#### TO DO
Pictures found in the material must be left out, and every line returned as written.

#### RECORDED INFORMATION

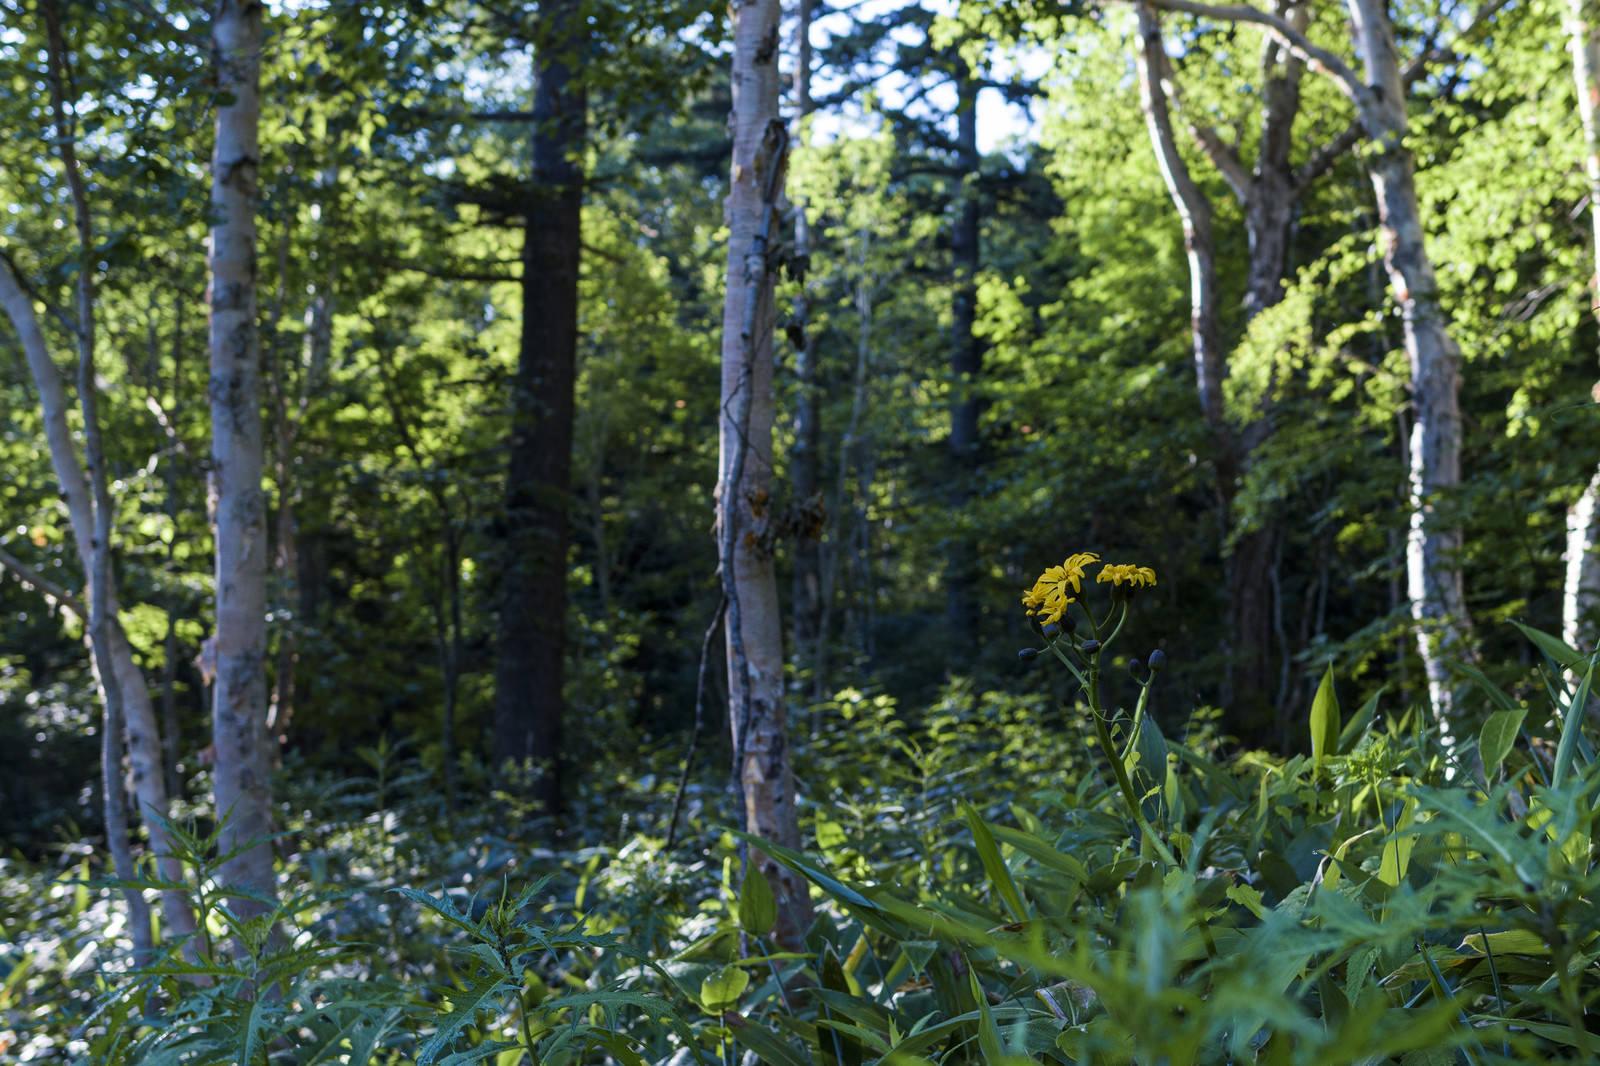 「尾瀬の森に咲くマルバダケブキ」の写真
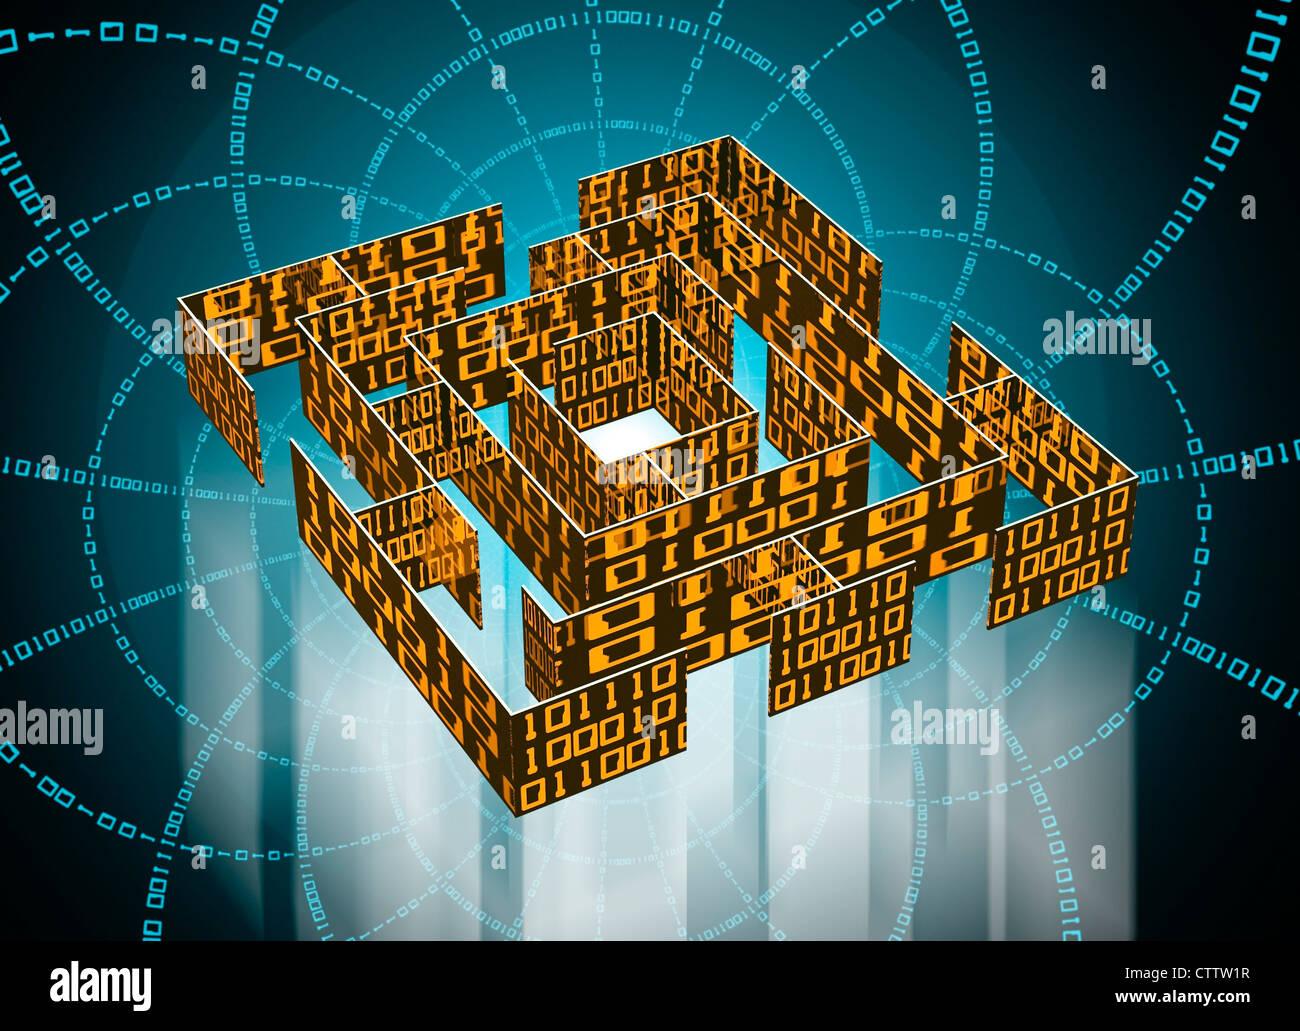 Labyrinth mit Datenkolonnen aus Binärcode Stock Photo
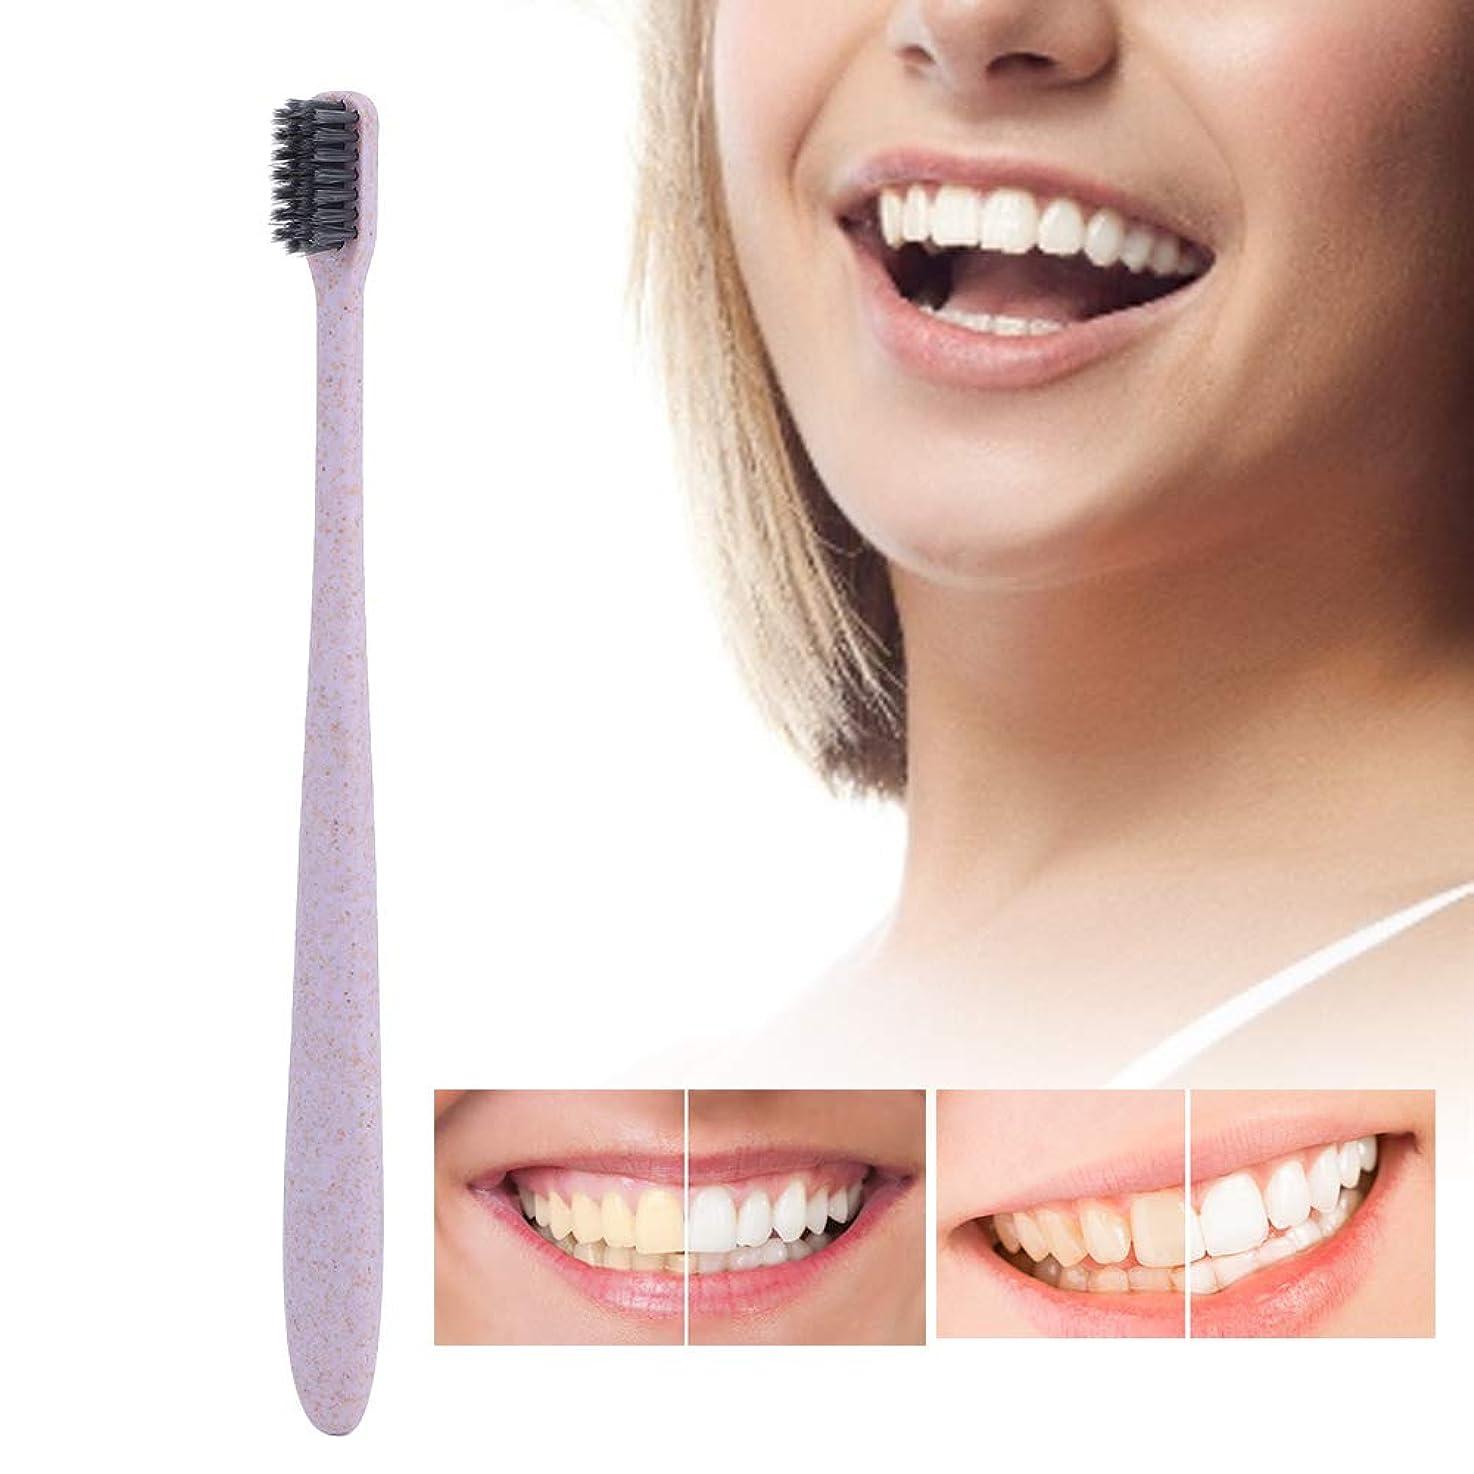 光格納トラクター10ピース歯ブラシ、柔らかい竹炭ブラシ髪小麦ハンドル歯ブラシ大人の口腔ケア歯ブラシ
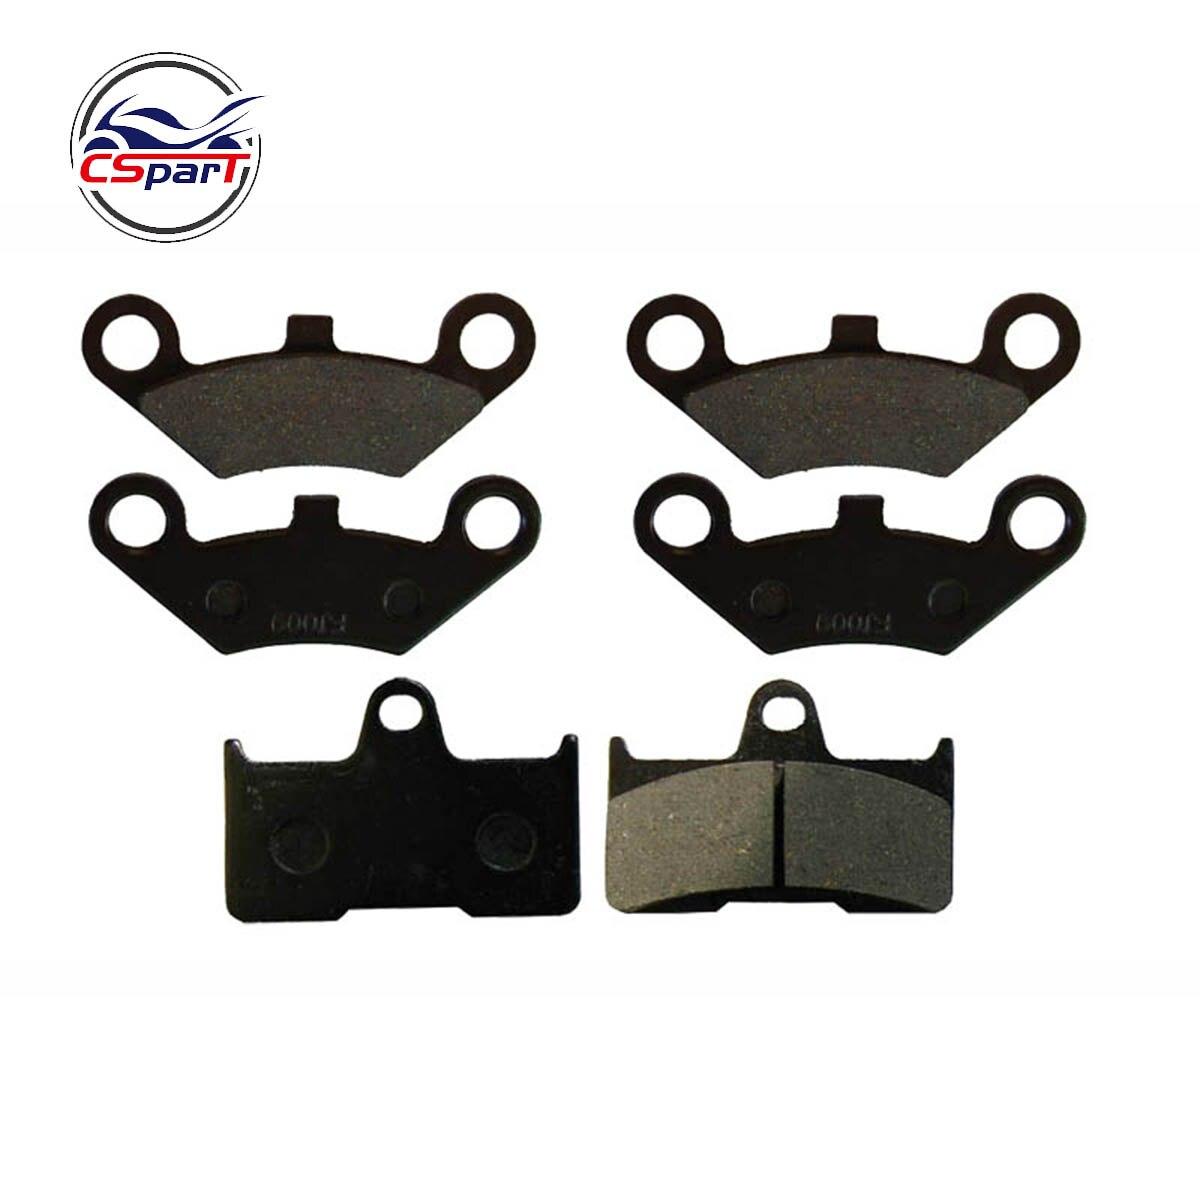 ATV Front 4pcs+Rear 2pcs  Brake Pad For CF Moto CF500 500CC CF 600 600CC X5 X6 X8 U5 ATV UTV Shineary

#### OUTPUT FOR THIS TASK
 「尾瀬の森に咲くマルバダケブキ」の写真
 Labyrinth mit Datenkolonnen aus Binärcode Stock Photo
 光格納トラクター10ピース歯ブラシ、柔らかい竹炭ブラシ髪小麦ハンドル歯ブラシ大人の口腔ケア歯ブラシ
 ATV Front 4pcs+Rear 2pcs  Brake Pad For CF Moto CF500 500CC CF 600 600CC X5 X6 X8 U5 ATV UTV Shineary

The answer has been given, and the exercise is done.